After applying this formula, we find that the widow would receive:
$ 797.87 funeral and hospital benefits. $ 3,430.00 benefits accrued and already paid when recovery was effected. $ 6,555.00 future payments to be made. $ 7,407.25 cash from the net recovery. ---------- $18,190.12 $ 5,694.40 add her proportionate share of expenses. ---------- $23,884.52
From this computation we see that the widow would receive the amount of the recovery less her proportionate share of the expenses.
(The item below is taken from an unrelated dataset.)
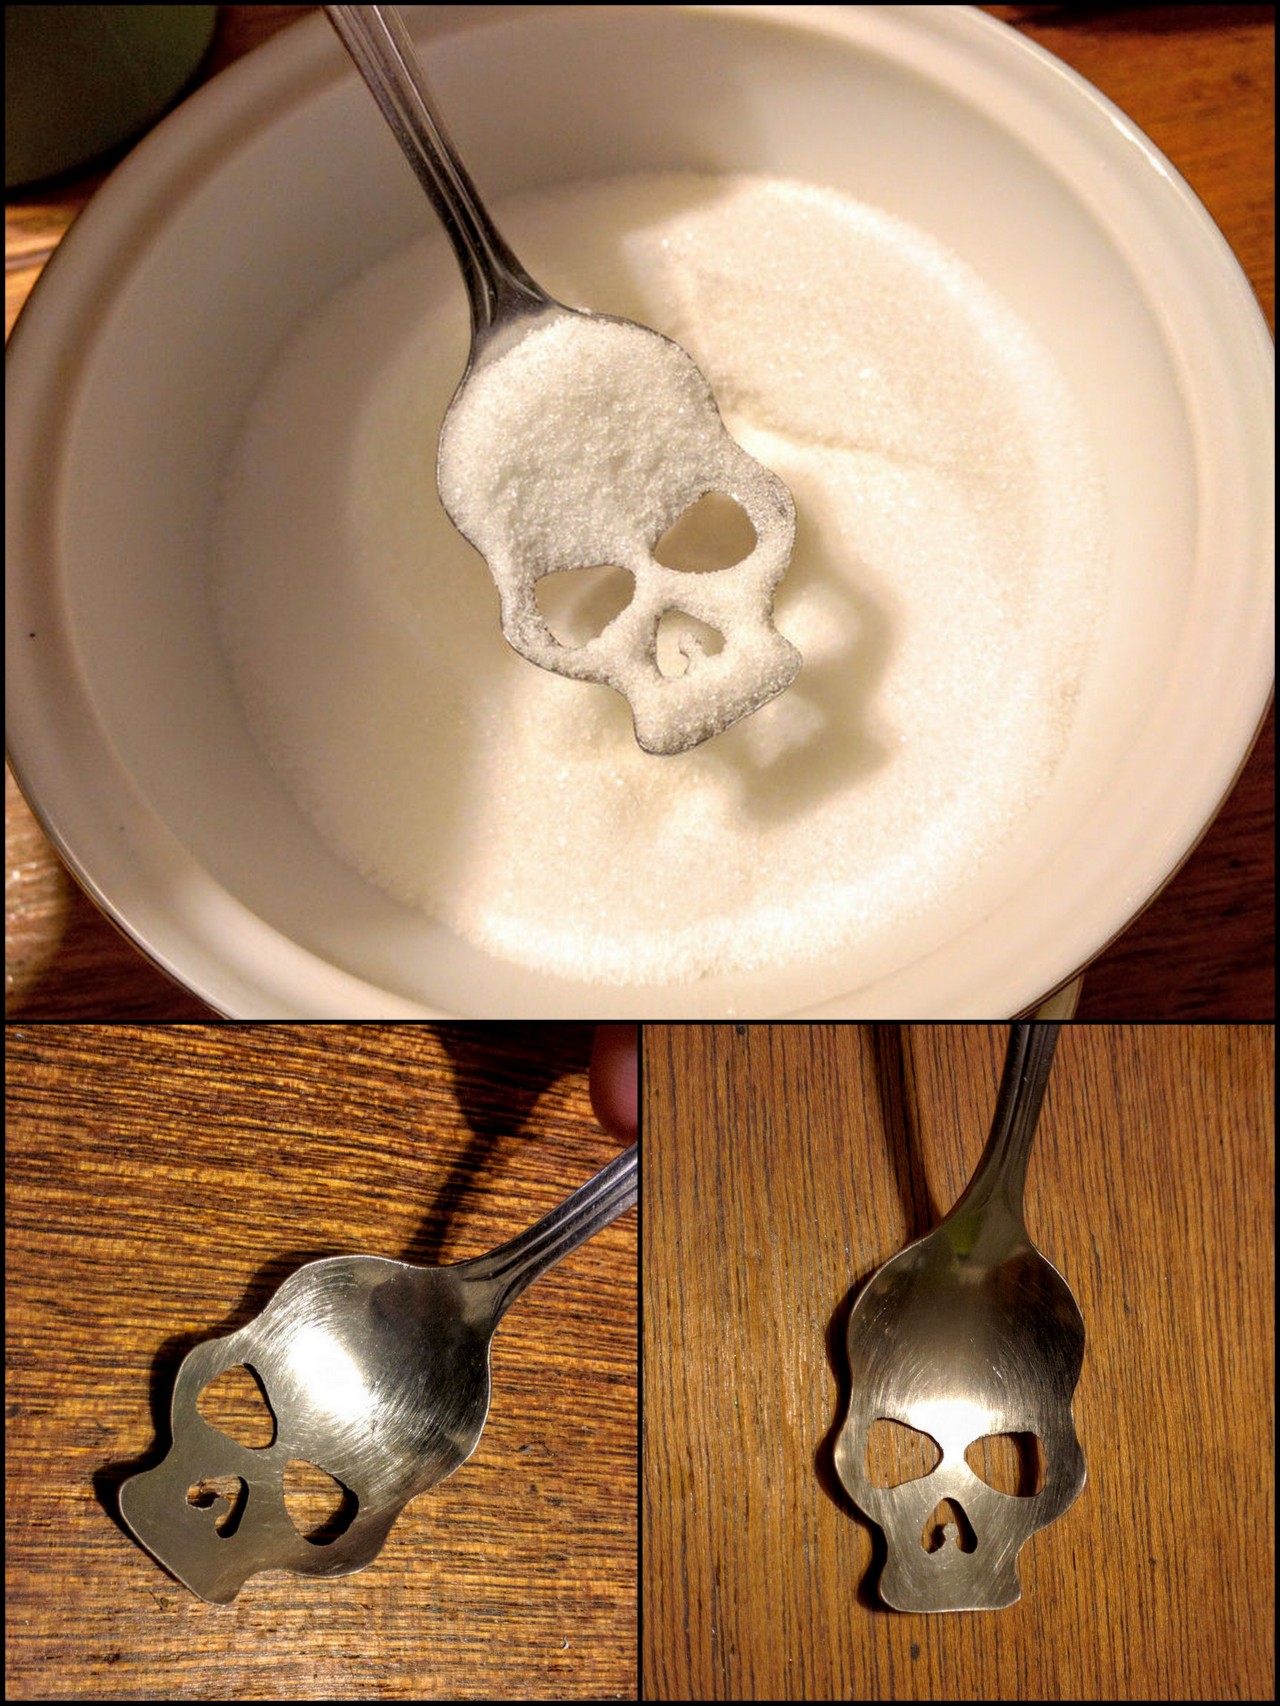 halloweencrafts:  DIY Skull Spoon or Sugar Spoon of Death Tutorial from Instructables’
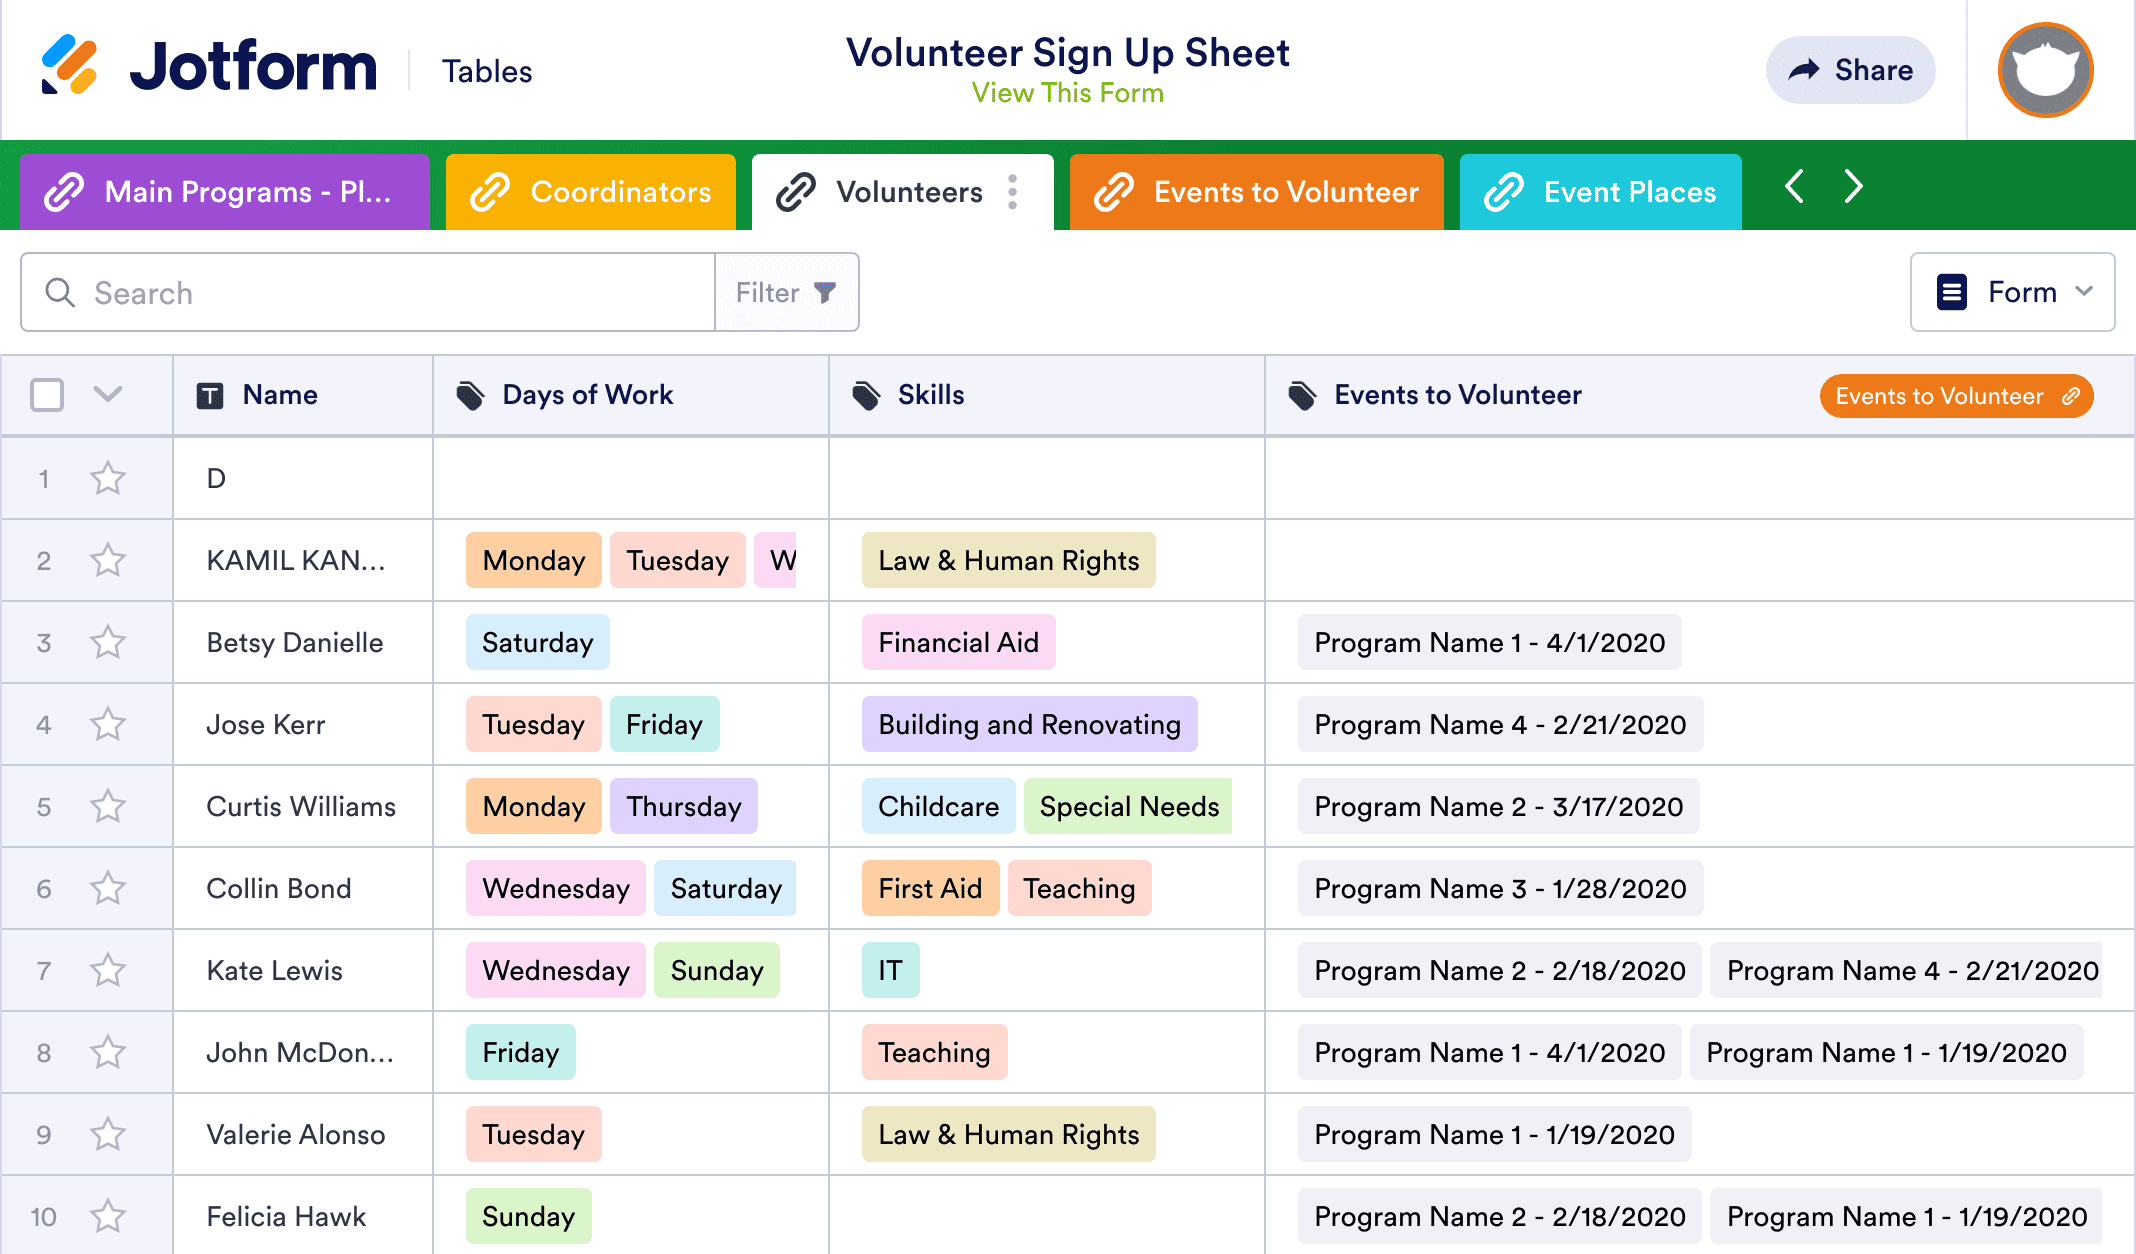 Volunteer Sign Up Sheet Template | Jotform Tables

The employer-insurer position would be as follows: At the time of recovery they had paid out $4,227.85 in benefits, medical and burial, but recouped this amount in full from the recovery. After taking credit for the balance of their share in the recovery ($2,003.89) they would be required to make future payments of $6,555, which, with the credits received from the third-party recovery, would completely discharge the award of $12,797.85. If we deduct from the total award their proportionate share of the expenses ($6,567.41) we get the figure of $6,230.44 (employer's share of the net recovery) and find that the employer-insurer has thus recouped the amount of the award ($12,797.85) less their proportionate share of the expenses ($6,567.41) or $6,230.44.
While the end result will be the same, we do not believe this identical procedure can be applied in our particular case because (1) defendants continued to pay benefits after recovery was effected and (2) defendants did not seek or ask for a division until October 29, 1959, almost two years after the recovery and thereby, we think, consented to or at least acquiesced in the payment of their share in the recovery to the plaintiff. Under such circumstances this Court and the Commission can only see to it that they receive full credit therefor on their award obligation.
In our case the employer has already paid, by cash or credit:
$ 797.85 Funeral and medical expense $ 3,800.00 Benefits paid. 108 4/7ths weeks' compensation. $ 6,231.74 Employer's share award 178 weeks' compensation-credit. ---------- --- $10,829.59 Total credits 286 4/7ths weeks' compensation. $ 1,968.26 Still due on award or 56 weeks' compensation. -------- The second and third items pay the compensation award until July 17, 1961, at which time payment of death benefits shall be resumed and continue for 56 weeks and *251 until the compensation award is fully satisfied.
Our procedure is at least substantially the same as that applied by the Industrial Commission. Our calculations arrive at the same totals except that in some of the computations there are slight variances in amounts. Therefore, we find the judgment of the trial court affirming the "order modifying award" entered herein on February 29, 1960, by the Commission to be correct.
The judgment is affirmed.
SPERRY, C., concurs.
The foregoing opinion of MAUGHMER, C., is adopted as the opinion of the Court.